**What the task requires:**
Would you please restate the data exactly as it stands, apart from the pictures?

**Exercise data:**
★ ★ ★

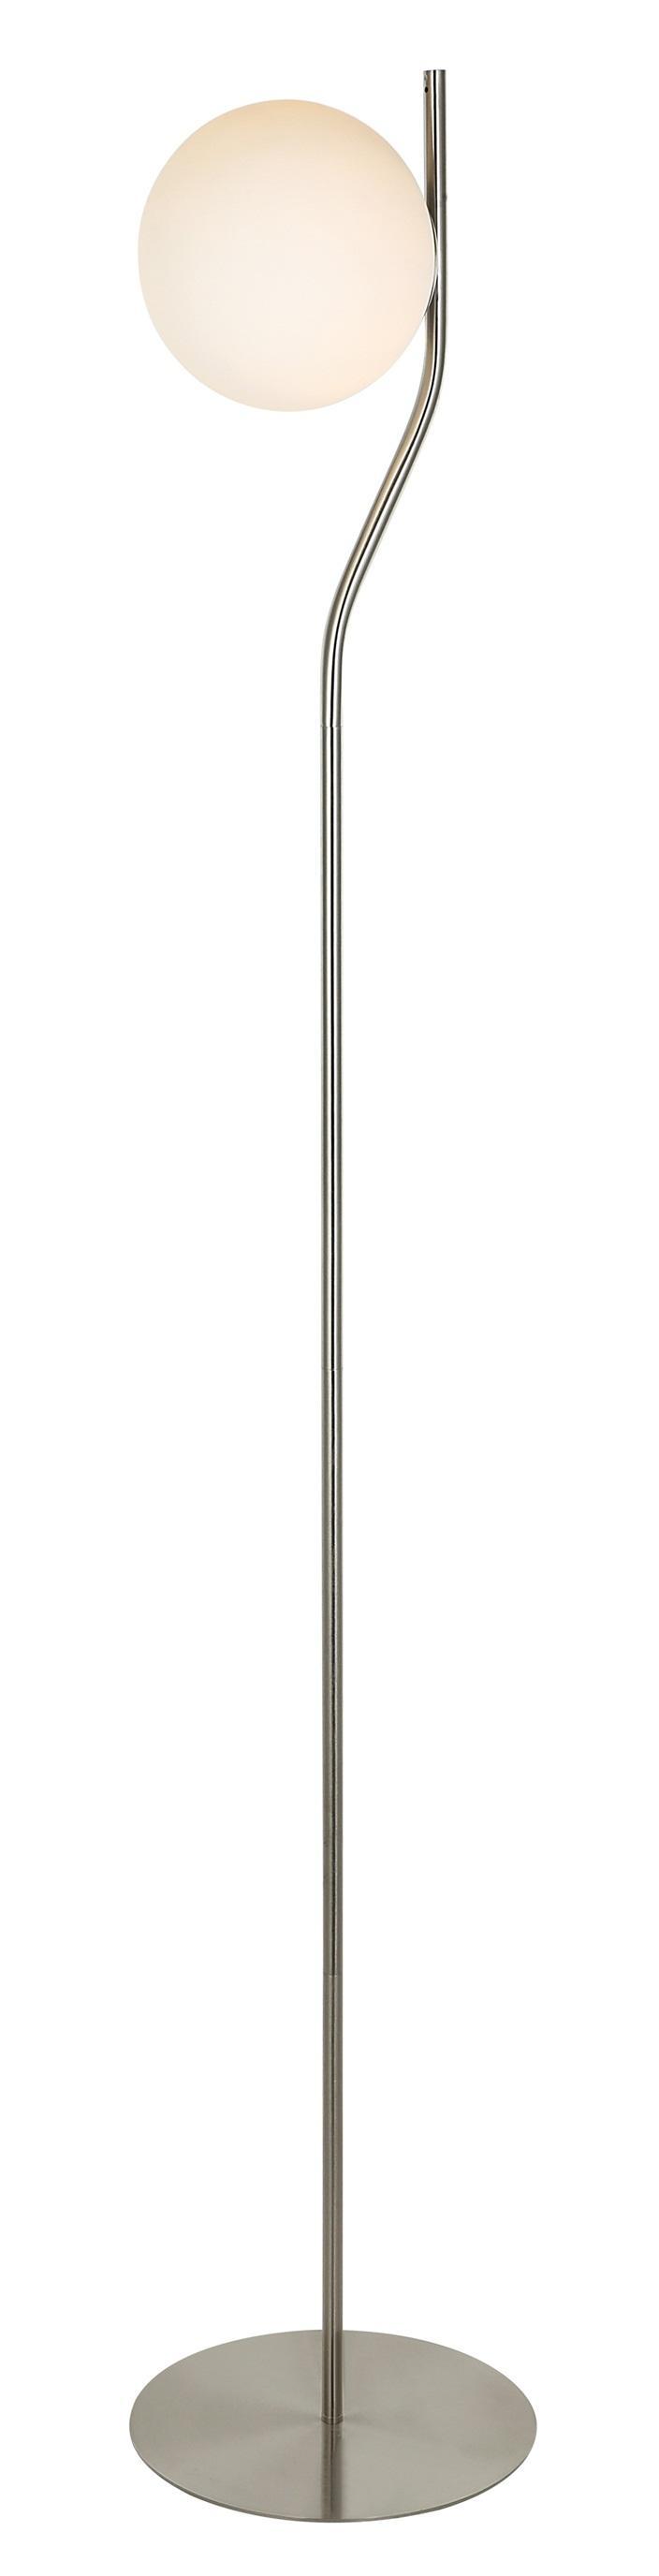 40W FLOOR LAMP 64345-1
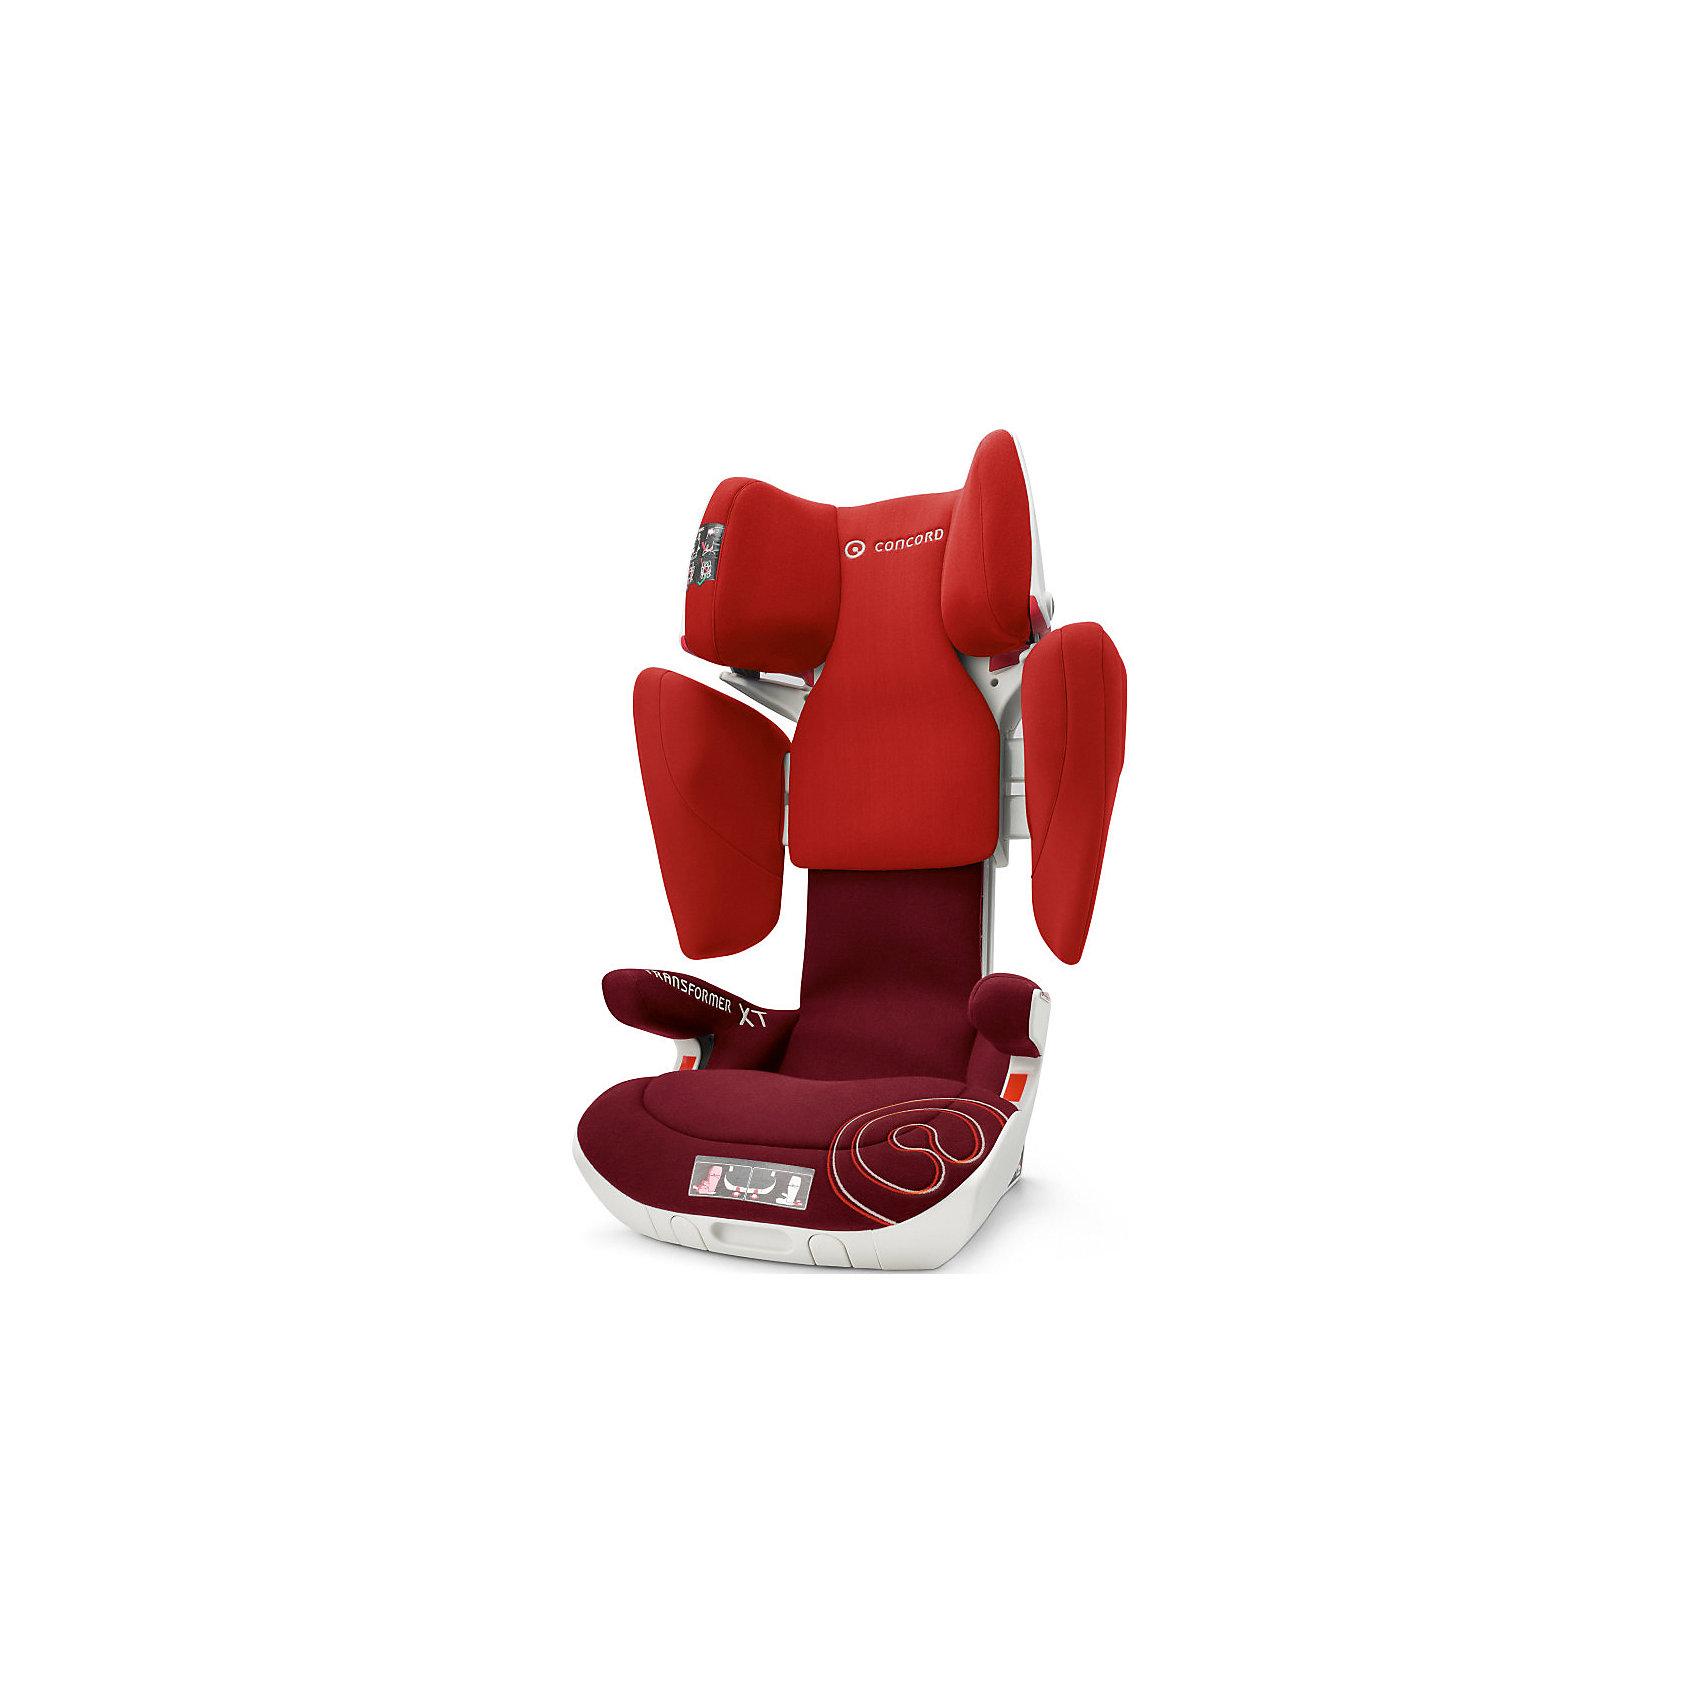 Автокресло Concord Transformer XT, 15-36 кг, Tomato Red 2016Автокресла с креплением Isofix<br>Автокресло Transformer XT, 15-36 кг., Concord, Tomato Red 2016 - современная модель, которая гарантирует максимальную безопасность ребенка.<br>Безопасное, комфортное автомобильное кресло Transformer XT, Concord отличается современным дизайном, прочной подуманной конструкцией и системой регулировок. Компактная форма, объемные боковины, защитный корпус с двойными стенками обеспечивают исключительную безопасность и оптимальную защиту в случае бокового удара. Сидение имеет вспененный наполнитель, адаптирующийся по форме тела. За счёт использования пневмо-механизма увеличить высоту подголовника и расширить боковины можно нажатием на одну кнопку. Пневморегулировка дополнительного наклона позволяет плавно перевести кресло в положение отдыха. Кресло крепиться к скобам isofix, ребёнок пристегивается ремнем безопасности автомобиля. Красные направляющие позволят правильно расположить ремни. Направляющие автомобильного ремня в подголовнике пропускают ремень только в одну сторону, исключая его самопроизвольное выпадение. В автокреслах Transformer XT, Concord использована концепция TRIZONE, за счет которой сочетаются разные типы тканей обивки. В нижней части кресла используются износостойкие материалы, в средней части используются материалы большой пропускной способности, для обеспечения хорошей вентиляции, в местах соприкосновения с кожей ребенка используется мягкая и деликатная ткань. Обивка из высококачественных материалов, легко снимается и стирается в режиме деликатной стирки при температуре 30 градусах..<br><br>Дополнительная информация:<br><br>- Группа 2-3 от 3 до 12 лет (15-36 кг)<br>- Размер в минимальной позиции: 46 х 49 х 62 см.<br>- Размер в максимальной позиции: 46 х 55 х 82 см.<br>- Вес: 7,7 кг.<br>- Направление установки: по ходу движения автомобиля<br>- Соответствует стандарту ECE R 44/04<br>- В независимых краш-тестах ADAC (Германия), ?AMTC (Австрия), Stiftung Warentest 
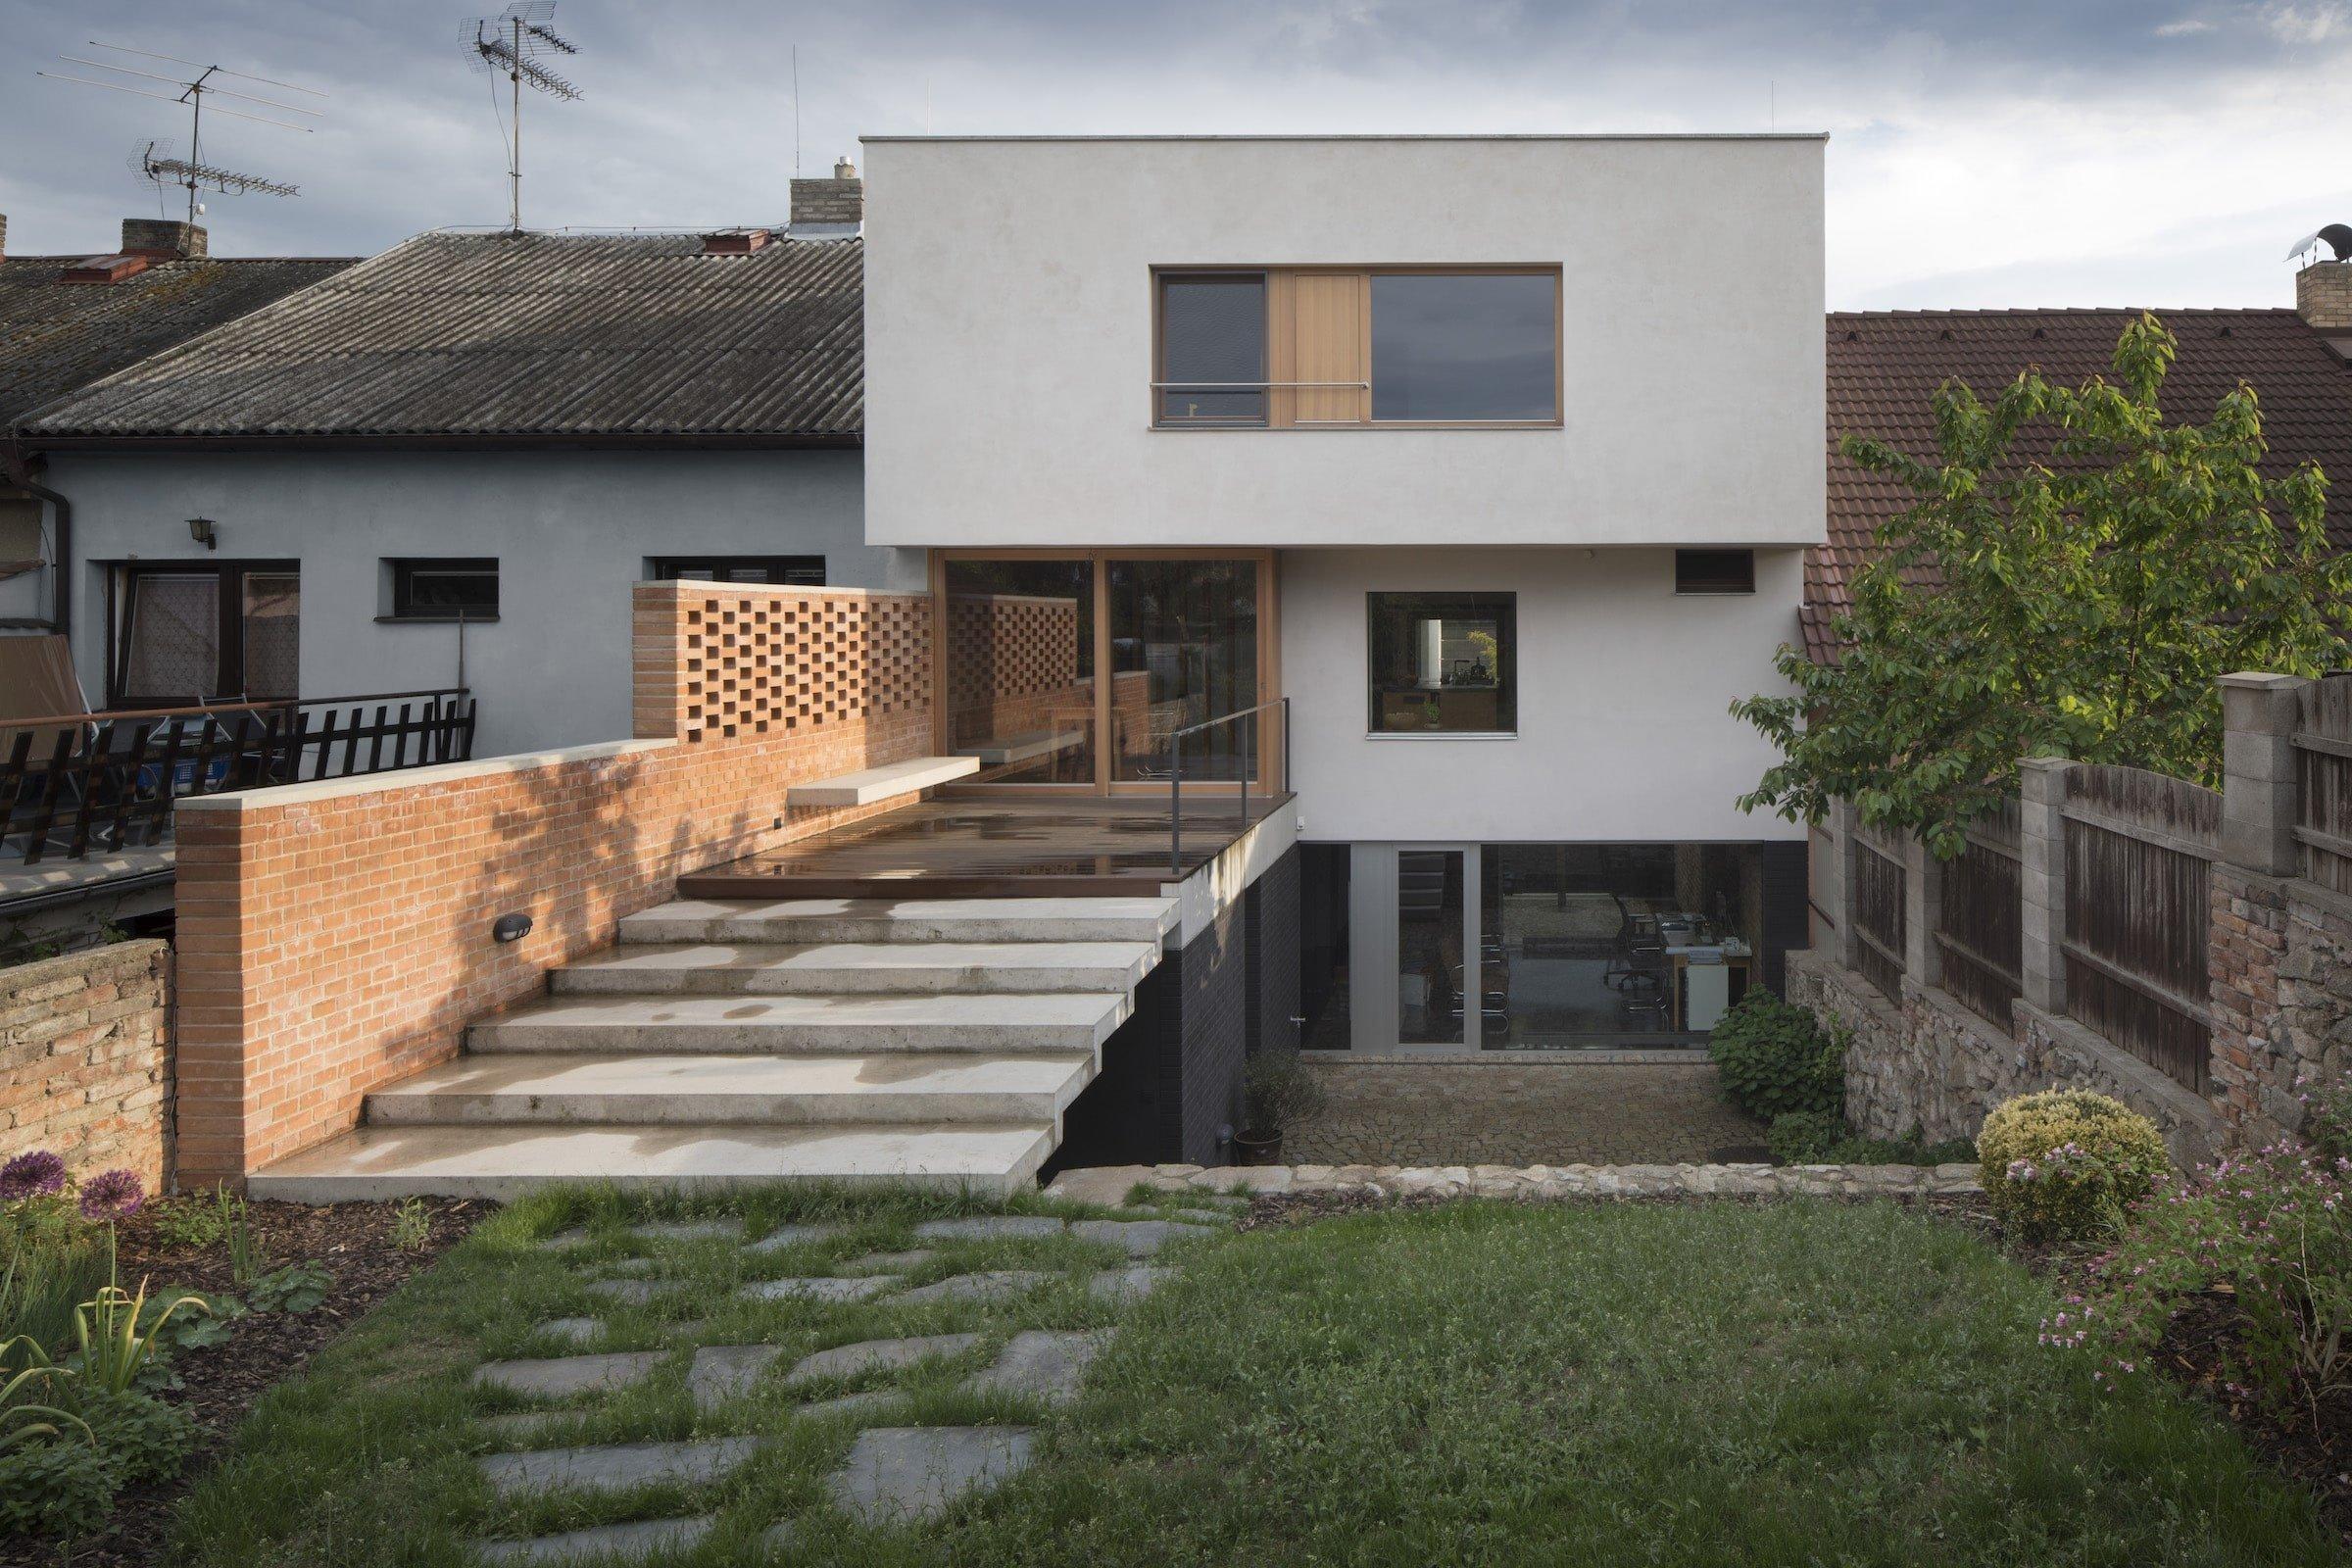 Dům má tři podlaží a každé je svébytnou zónou. Vzájemně jsou propojena schodištěm a prostory otevřenými přes více podlaží.

★ ★ ★

**Task answer:**
 40W FLOOR LAMP 64345-1
 Автокресло Concord Transformer XT, 15-36 кг, Tomato Red 2016Автокресла с креплением Isofix<br>Автокресло Transformer XT, 15-36 кг., Concord, Tomato Red 2016 - современная модель, которая гарантирует максимальную безопасность ребенка.<br>Безопасное, комфортное автомобильное кресло Transformer XT, Concord отличается современным дизайном, прочной подуманной конструкцией и системой регулировок. Компактная форма, объемные боковины, защитный корпус с двойными стенками обеспечивают исключительную безопасность и оптимальную защиту в случае бокового удара. Сидение имеет вспененный наполнитель, адаптирующийся по форме тела. За счёт использования пневмо-механизма увеличить высоту подголовника и расширить боковины можно нажатием на одну кнопку. Пневморегулировка дополнительного наклона позволяет плавно перевести кресло в положение отдыха. Кресло крепиться к скобам isofix, ребёнок пристегивается ремнем безопасности автомобиля. Красные направляющие позволят правильно расположить ремни. Направляющие автомобильного ремня в подголовнике пропускают ремень только в одну сторону, исключая его самопроизвольное выпадение. В автокреслах Transformer XT, Concord использована концепция TRIZONE, за счет которой сочетаются разные типы тканей обивки. В нижней части кресла используются износостойкие материалы, в средней части используются материалы большой пропускной способности, для обеспечения хорошей вентиляции, в местах соприкосновения с кожей ребенка используется мягкая и деликатная ткань. Обивка из высококачественных материалов, легко снимается и стирается в режиме деликатной стирки при температуре 30 градусах..<br><br>Дополнительная информация:<br><br>- Группа 2-3 от 3 до 12 лет (15-36 кг)<br>- Размер в минимальной позиции: 46 х 49 х 62 см.<br>- Размер в максимальной позиции: 46 х 55 х 82 см.<br>- Вес: 7,7 кг.<br>- Направление установки: по ходу движения автомобиля<br>- Соответствует стандарту ECE R 44/04<br>- В независимых краш-тестах ADAC (Германия), ?AMTC (Австрия), Stiftung Warentest 
 Dům má tři podlaží a každé je svébytnou zónou. Vzájemně jsou propojena schodištěm a prostory otevřenými přes více podlaží.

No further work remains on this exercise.